O fogo amigo continua. Para João Manuel, um eventual mandato presidencial de serra será o espelho de sua personalidade autocentrada. "Ele será o presidente, o ministro da Fazenda, o presidente do Banco Central, o ministro do Planejamento", afirma o economista, que começa, enfim, a falar das virtudes do velho amigo. "O Serra é um fazedor de coisas, não é como o Lula que empurrou o primeiro mandato com a barriga, apenas surfando na boa fase da economia mundial", diz João Manuel. O economista, aliás, não acredita que o governador paulista, caso eleito, irá provocar pânico nos mercados." "ele dará sequência às políticas desenvolvimentistas do governo Lula, que só apareceram agora, em seu segundo mandato, ainda que de forma tímida, pois o PAC avança aos trancos e barrancos."
Mesmo com a promessa de jamais retornar à política, é difícil imaginar João Manuel não exercendo forte influência na vida pública de José Serra. O governador paulista deve sua volta ao Brasil (em 1978) a João Manuel, depois de mais de dez anos exilado por causa de sua atuação como político estudantil durante a ditadura militar. na época, o coordenador dos Institutos da Unicamp, um acadêmico de perfil conservador, ligado aos militares, vivia às turras com os intelectuais de esquerda da universidade. Quando João Manuel que fazia parte da turma de "subversivos", resolveu indicar Serra para fazer parte do quadro da Unicamp, o coordenador, conhecendo o histórico do candidato, negou na hora o pedido.
"Eu, que já sabia a resposta, estava preparado. Um amigo meu, gerente do Banespa em Nova York, havia descoberto que o tal coordenador desviava equipamentos doados para a Unicamp", lembra João Manuel. "Quando contei a história para o cara, ele, branco, disse apenas uma frase: o José Serra está aprovado."
Por coincidência, João manuel foi também professor, muitos anos depois, da provável rival de José Serra em 2010: Dilma Roussef. A candidata do PT à Presidência é, na opinião do economista, uma mulher eficiente e aplicada, metódica como o governador paulista. "acusam a Dilma de ser estatizante, intervencionista, mas se não fosse por seu estilo 'gerentão', o pré-sal nao sairia do lugar, pois o governo Lula não tem ninguém, não tem quadros", afirma João manuel. "Pela primeira vez na história, o País tem dois candidatos capazes de fazer o Brasil crescer de forma sustentável ."

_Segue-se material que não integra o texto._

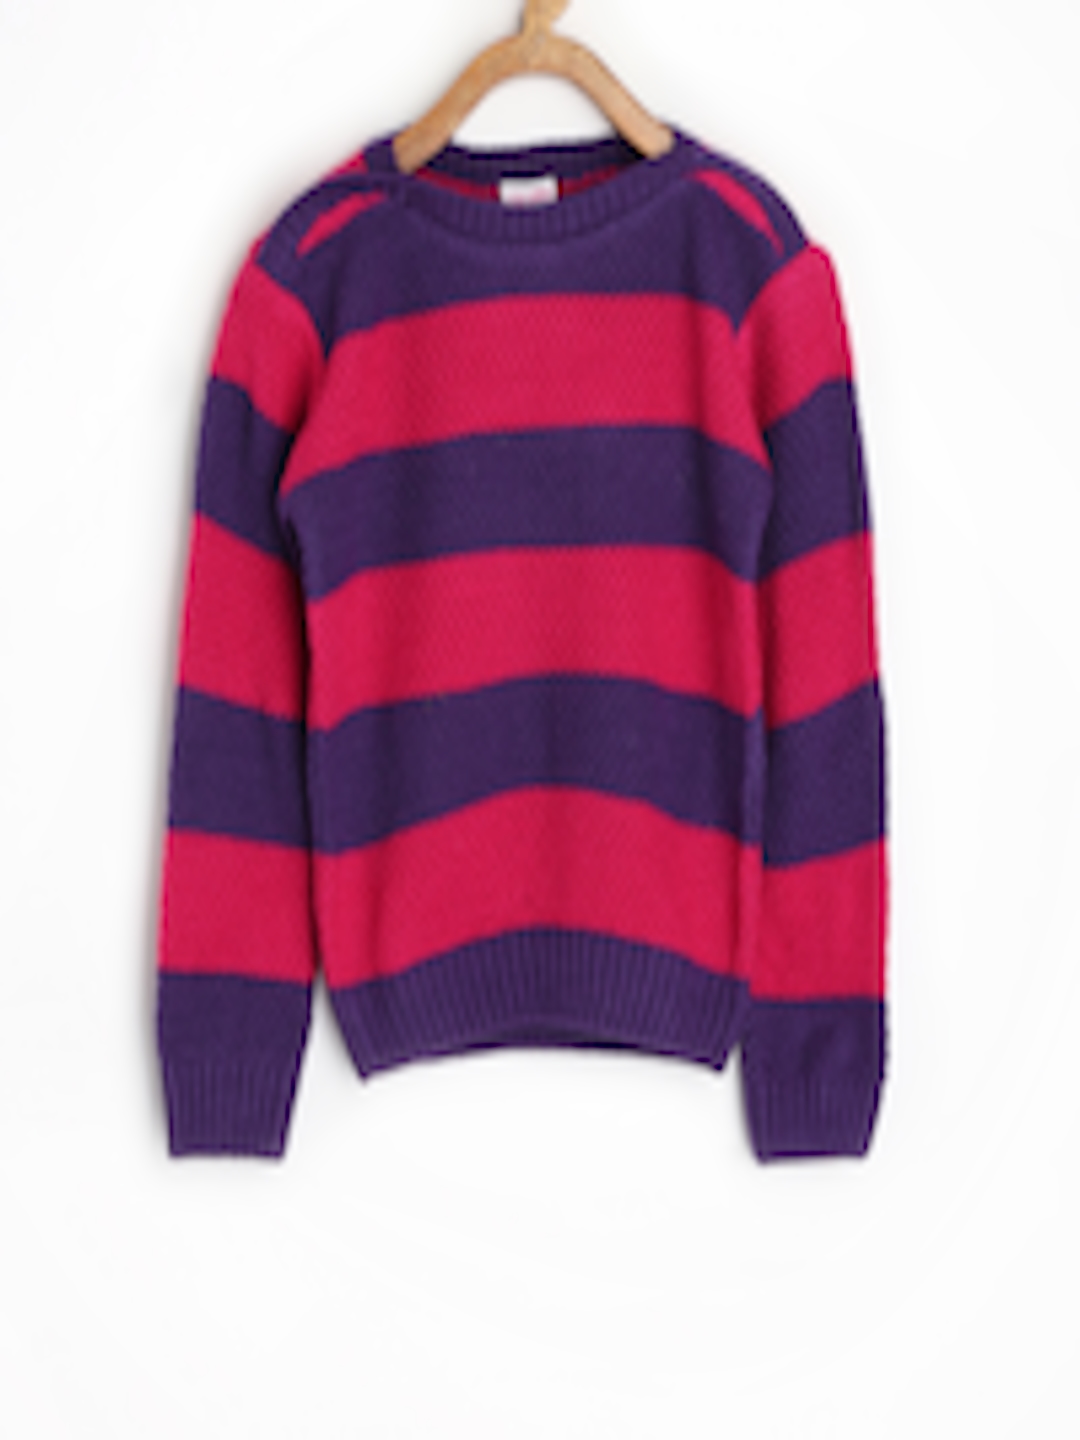 Buy FS Mini Klub Girls Pink & Purple Striped Sweater - Sweaters ...

Concedida a entrevista, João Manuel voltou à Facamp. Recebeu dezenas de cumprimentos de alunos - parecia um político em campanha - até chegar na sua sala. exausto por causa do calor campineiro, repousou na poltrona, ligou o ar-condicionado e soltou uma gargalhada, ao lembrar de como José serra sofreu durante os dois mandatos de Fernando Henrique Cardoso. "ele era contra tudo aquilo, mas ia fazer o que: ir para o PT?", lembra, soltando outra gargalhada. Por um momento, João manuel pensou em fumar. Desistiu. Lembrou que estava em uma universidade e não na sala do governador.
Depois da experiência de dois anos (1985-1987) como membro do grupo de Dílson Funaro, ministro da Fazenda do governo José Sarney, equipe que entrou para a história por ter formulado o confuso e fracassado Plano Cruzado, João quer distância da política. "não volto nunca mais, não tenho estômago para isso. Eu deixei a política mais pobre do que entrei e tive de vender a minha Belina verde (o antigo carro da Ford, hoje fora de linha) para pagar as dívidas", lembra João Manuel que não trabalharia nem para o amigo do peito José Serra. "O último cara com quem quero trabalhar na vida é o Serra. Ele é muito obsessivo. Não quero que me acordem às três horas da manhã cobrando trabalho."